TASK DESCRIPTION: So that nothing is lost, write out all the lines below exactly.

DATA IN THIS EXERCISE:
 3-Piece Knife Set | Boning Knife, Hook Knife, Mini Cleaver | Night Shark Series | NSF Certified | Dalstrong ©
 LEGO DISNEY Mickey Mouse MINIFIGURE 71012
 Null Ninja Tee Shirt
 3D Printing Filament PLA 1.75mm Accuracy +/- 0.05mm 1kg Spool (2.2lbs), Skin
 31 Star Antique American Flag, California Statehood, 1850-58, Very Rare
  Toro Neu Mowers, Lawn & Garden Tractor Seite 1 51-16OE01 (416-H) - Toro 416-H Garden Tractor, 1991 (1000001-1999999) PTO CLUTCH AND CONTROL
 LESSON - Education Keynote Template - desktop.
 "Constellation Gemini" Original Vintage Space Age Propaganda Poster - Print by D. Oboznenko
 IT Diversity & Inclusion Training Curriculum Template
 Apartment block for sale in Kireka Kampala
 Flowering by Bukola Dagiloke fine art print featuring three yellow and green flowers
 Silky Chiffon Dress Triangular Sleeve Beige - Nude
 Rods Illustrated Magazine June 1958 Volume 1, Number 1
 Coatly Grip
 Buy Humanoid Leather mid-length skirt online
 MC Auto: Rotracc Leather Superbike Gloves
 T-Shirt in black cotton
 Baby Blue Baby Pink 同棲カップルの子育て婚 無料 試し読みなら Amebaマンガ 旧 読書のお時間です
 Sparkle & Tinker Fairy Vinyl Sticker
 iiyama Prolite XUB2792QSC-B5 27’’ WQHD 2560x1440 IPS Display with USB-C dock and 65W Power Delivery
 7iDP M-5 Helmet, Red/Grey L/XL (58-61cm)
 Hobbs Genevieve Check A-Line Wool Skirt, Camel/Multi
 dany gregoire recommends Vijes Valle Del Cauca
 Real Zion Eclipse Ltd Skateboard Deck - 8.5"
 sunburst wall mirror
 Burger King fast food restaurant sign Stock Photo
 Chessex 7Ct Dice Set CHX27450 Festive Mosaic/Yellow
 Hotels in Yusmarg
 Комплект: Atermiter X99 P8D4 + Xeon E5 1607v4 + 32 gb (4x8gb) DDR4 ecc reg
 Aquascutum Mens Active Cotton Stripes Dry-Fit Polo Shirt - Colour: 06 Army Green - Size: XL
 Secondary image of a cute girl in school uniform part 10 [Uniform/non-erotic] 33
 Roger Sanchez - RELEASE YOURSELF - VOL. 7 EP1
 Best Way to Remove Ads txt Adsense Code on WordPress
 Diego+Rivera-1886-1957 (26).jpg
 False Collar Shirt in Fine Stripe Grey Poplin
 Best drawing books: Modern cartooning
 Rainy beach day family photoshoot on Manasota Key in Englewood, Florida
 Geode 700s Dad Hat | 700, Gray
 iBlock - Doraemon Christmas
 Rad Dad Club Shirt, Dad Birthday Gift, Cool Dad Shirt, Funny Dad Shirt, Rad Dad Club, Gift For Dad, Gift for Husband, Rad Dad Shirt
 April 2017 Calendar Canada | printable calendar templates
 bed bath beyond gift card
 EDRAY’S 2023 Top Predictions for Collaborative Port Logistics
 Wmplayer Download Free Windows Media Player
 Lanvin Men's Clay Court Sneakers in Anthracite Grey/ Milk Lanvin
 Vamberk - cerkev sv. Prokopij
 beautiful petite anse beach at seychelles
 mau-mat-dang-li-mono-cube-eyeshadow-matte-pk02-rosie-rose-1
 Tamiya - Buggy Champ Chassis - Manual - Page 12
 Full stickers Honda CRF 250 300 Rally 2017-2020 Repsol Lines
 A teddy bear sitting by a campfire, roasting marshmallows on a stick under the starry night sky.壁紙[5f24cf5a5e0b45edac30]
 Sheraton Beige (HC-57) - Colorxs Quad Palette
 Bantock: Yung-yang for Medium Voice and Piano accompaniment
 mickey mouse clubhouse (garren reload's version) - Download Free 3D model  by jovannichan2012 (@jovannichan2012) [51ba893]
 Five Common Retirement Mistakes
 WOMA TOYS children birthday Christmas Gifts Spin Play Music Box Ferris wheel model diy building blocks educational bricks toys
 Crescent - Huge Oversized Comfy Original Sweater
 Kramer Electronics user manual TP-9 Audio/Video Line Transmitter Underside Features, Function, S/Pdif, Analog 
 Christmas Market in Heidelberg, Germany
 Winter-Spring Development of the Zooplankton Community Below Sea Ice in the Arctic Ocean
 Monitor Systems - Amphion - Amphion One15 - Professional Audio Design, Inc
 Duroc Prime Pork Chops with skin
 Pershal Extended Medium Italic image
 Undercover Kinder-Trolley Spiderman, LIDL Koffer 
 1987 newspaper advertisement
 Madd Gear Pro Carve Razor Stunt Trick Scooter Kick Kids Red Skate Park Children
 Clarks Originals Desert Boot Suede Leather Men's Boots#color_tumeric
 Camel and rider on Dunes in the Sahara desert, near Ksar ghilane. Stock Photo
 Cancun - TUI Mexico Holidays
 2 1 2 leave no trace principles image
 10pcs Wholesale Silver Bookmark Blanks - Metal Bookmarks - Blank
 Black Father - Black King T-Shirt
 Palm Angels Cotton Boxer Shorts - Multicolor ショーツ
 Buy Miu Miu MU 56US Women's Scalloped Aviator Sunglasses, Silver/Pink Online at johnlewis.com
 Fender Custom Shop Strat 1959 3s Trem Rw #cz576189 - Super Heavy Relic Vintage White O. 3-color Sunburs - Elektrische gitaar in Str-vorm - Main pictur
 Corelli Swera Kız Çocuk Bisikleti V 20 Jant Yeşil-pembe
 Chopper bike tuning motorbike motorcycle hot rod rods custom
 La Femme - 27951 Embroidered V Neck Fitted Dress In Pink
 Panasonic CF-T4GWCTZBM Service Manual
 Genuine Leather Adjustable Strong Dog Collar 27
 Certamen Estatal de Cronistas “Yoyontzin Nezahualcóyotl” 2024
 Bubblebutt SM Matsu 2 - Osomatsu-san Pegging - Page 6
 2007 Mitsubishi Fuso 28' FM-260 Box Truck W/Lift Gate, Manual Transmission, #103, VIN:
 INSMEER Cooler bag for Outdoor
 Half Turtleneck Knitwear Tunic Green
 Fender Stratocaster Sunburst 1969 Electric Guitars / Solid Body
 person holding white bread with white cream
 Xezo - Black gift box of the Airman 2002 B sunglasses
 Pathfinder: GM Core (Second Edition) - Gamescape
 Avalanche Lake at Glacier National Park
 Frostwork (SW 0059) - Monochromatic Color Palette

RESPONSE BELOW:
 3-Piece Knife Set | Boning Knife, Hook Knife, Mini Cleaver | Night Shark Series | NSF Certified | Dalstrong ©
 LEGO DISNEY Mickey Mouse MINIFIGURE 71012
 Null Ninja Tee Shirt
 3D Printing Filament PLA 1.75mm Accuracy +/- 0.05mm 1kg Spool (2.2lbs), Skin
 31 Star Antique American Flag, California Statehood, 1850-58, Very Rare
  Toro Neu Mowers, Lawn & Garden Tractor Seite 1 51-16OE01 (416-H) - Toro 416-H Garden Tractor, 1991 (1000001-1999999) PTO CLUTCH AND CONTROL
 LESSON - Education Keynote Template - desktop.
 "Constellation Gemini" Original Vintage Space Age Propaganda Poster - Print by D. Oboznenko
 IT Diversity & Inclusion Training Curriculum Template
 Apartment block for sale in Kireka Kampala
 Flowering by Bukola Dagiloke fine art print featuring three yellow and green flowers
 Silky Chiffon Dress Triangular Sleeve Beige - Nude
 Rods Illustrated Magazine June 1958 Volume 1, Number 1
 Coatly Grip
 Buy Humanoid Leather mid-length skirt online
 MC Auto: Rotracc Leather Superbike Gloves
 T-Shirt in black cotton
 Baby Blue Baby Pink 同棲カップルの子育て婚 無料 試し読みなら Amebaマンガ 旧 読書のお時間です
 Sparkle & Tinker Fairy Vinyl Sticker
 iiyama Prolite XUB2792QSC-B5 27’’ WQHD 2560x1440 IPS Display with USB-C dock and 65W Power Delivery
 7iDP M-5 Helmet, Red/Grey L/XL (58-61cm)
 Hobbs Genevieve Check A-Line Wool Skirt, Camel/Multi
 dany gregoire recommends Vijes Valle Del Cauca
 Real Zion Eclipse Ltd Skateboard Deck - 8.5"
 sunburst wall mirror
 Burger King fast food restaurant sign Stock Photo
 Chessex 7Ct Dice Set CHX27450 Festive Mosaic/Yellow
 Hotels in Yusmarg
 Комплект: Atermiter X99 P8D4 + Xeon E5 1607v4 + 32 gb (4x8gb) DDR4 ecc reg
 Aquascutum Mens Active Cotton Stripes Dry-Fit Polo Shirt - Colour: 06 Army Green - Size: XL
 Secondary image of a cute girl in school uniform part 10 [Uniform/non-erotic] 33
 Roger Sanchez - RELEASE YOURSELF - VOL. 7 EP1
 Best Way to Remove Ads txt Adsense Code on WordPress
 Diego+Rivera-1886-1957 (26).jpg
 False Collar Shirt in Fine Stripe Grey Poplin
 Best drawing books: Modern cartooning
 Rainy beach day family photoshoot on Manasota Key in Englewood, Florida
 Geode 700s Dad Hat | 700, Gray
 iBlock - Doraemon Christmas
 Rad Dad Club Shirt, Dad Birthday Gift, Cool Dad Shirt, Funny Dad Shirt, Rad Dad Club, Gift For Dad, Gift for Husband, Rad Dad Shirt
 April 2017 Calendar Canada | printable calendar templates
 bed bath beyond gift card
 EDRAY’S 2023 Top Predictions for Collaborative Port Logistics
 Wmplayer Download Free Windows Media Player
 Lanvin Men's Clay Court Sneakers in Anthracite Grey/ Milk Lanvin
 Vamberk - cerkev sv. Prokopij
 beautiful petite anse beach at seychelles
 mau-mat-dang-li-mono-cube-eyeshadow-matte-pk02-rosie-rose-1
 Tamiya - Buggy Champ Chassis - Manual - Page 12
 Full stickers Honda CRF 250 300 Rally 2017-2020 Repsol Lines
 A teddy bear sitting by a campfire, roasting marshmallows on a stick under the starry night sky.壁紙[5f24cf5a5e0b45edac30]
 Sheraton Beige (HC-57) - Colorxs Quad Palette
 Bantock: Yung-yang for Medium Voice and Piano accompaniment
 mickey mouse clubhouse (garren reload's version) - Download Free 3D model  by jovannichan2012 (@jovannichan2012) [51ba893]
 Five Common Retirement Mistakes
 WOMA TOYS children birthday Christmas Gifts Spin Play Music Box Ferris wheel model diy building blocks educational bricks toys
 Crescent - Huge Oversized Comfy Original Sweater
 Kramer Electronics user manual TP-9 Audio/Video Line Transmitter Underside Features, Function, S/Pdif, Analog 
 Christmas Market in Heidelberg, Germany
 Winter-Spring Development of the Zooplankton Community Below Sea Ice in the Arctic Ocean
 Monitor Systems - Amphion - Amphion One15 - Professional Audio Design, Inc
 Duroc Prime Pork Chops with skin
 Pershal Extended Medium Italic image
 Undercover Kinder-Trolley Spiderman, LIDL Koffer 
 1987 newspaper advertisement
 Madd Gear Pro Carve Razor Stunt Trick Scooter Kick Kids Red Skate Park Children
 Clarks Originals Desert Boot Suede Leather Men's Boots#color_tumeric
 Camel and rider on Dunes in the Sahara desert, near Ksar ghilane. Stock Photo
 Cancun - TUI Mexico Holidays
 2 1 2 leave no trace principles image
 10pcs Wholesale Silver Bookmark Blanks - Metal Bookmarks - Blank
 Black Father - Black King T-Shirt
 Palm Angels Cotton Boxer Shorts - Multicolor ショーツ
 Buy Miu Miu MU 56US Women's Scalloped Aviator Sunglasses, Silver/Pink Online at johnlewis.com
 Fender Custom Shop Strat 1959 3s Trem Rw #cz576189 - Super Heavy Relic Vintage White O. 3-color Sunburs - Elektrische gitaar in Str-vorm - Main pictur
 Corelli Swera Kız Çocuk Bisikleti V 20 Jant Yeşil-pembe
 Chopper bike tuning motorbike motorcycle hot rod rods custom
 La Femme - 27951 Embroidered V Neck Fitted Dress In Pink
 Panasonic CF-T4GWCTZBM Service Manual
 Genuine Leather Adjustable Strong Dog Collar 27
 Certamen Estatal de Cronistas “Yoyontzin Nezahualcóyotl” 2024
 Bubblebutt SM Matsu 2 - Osomatsu-san Pegging - Page 6
 2007 Mitsubishi Fuso 28' FM-260 Box Truck W/Lift Gate, Manual Transmission, #103, VIN:
 INSMEER Cooler bag for Outdoor
 Half Turtleneck Knitwear Tunic Green
 Fender Stratocaster Sunburst 1969 Electric Guitars / Solid Body
 person holding white bread with white cream
 Xezo - Black gift box of the Airman 2002 B sunglasses
 Pathfinder: GM Core (Second Edition) - Gamescape
 Avalanche Lake at Glacier National Park
 Frostwork (SW 0059) - Monochromatic Color Palette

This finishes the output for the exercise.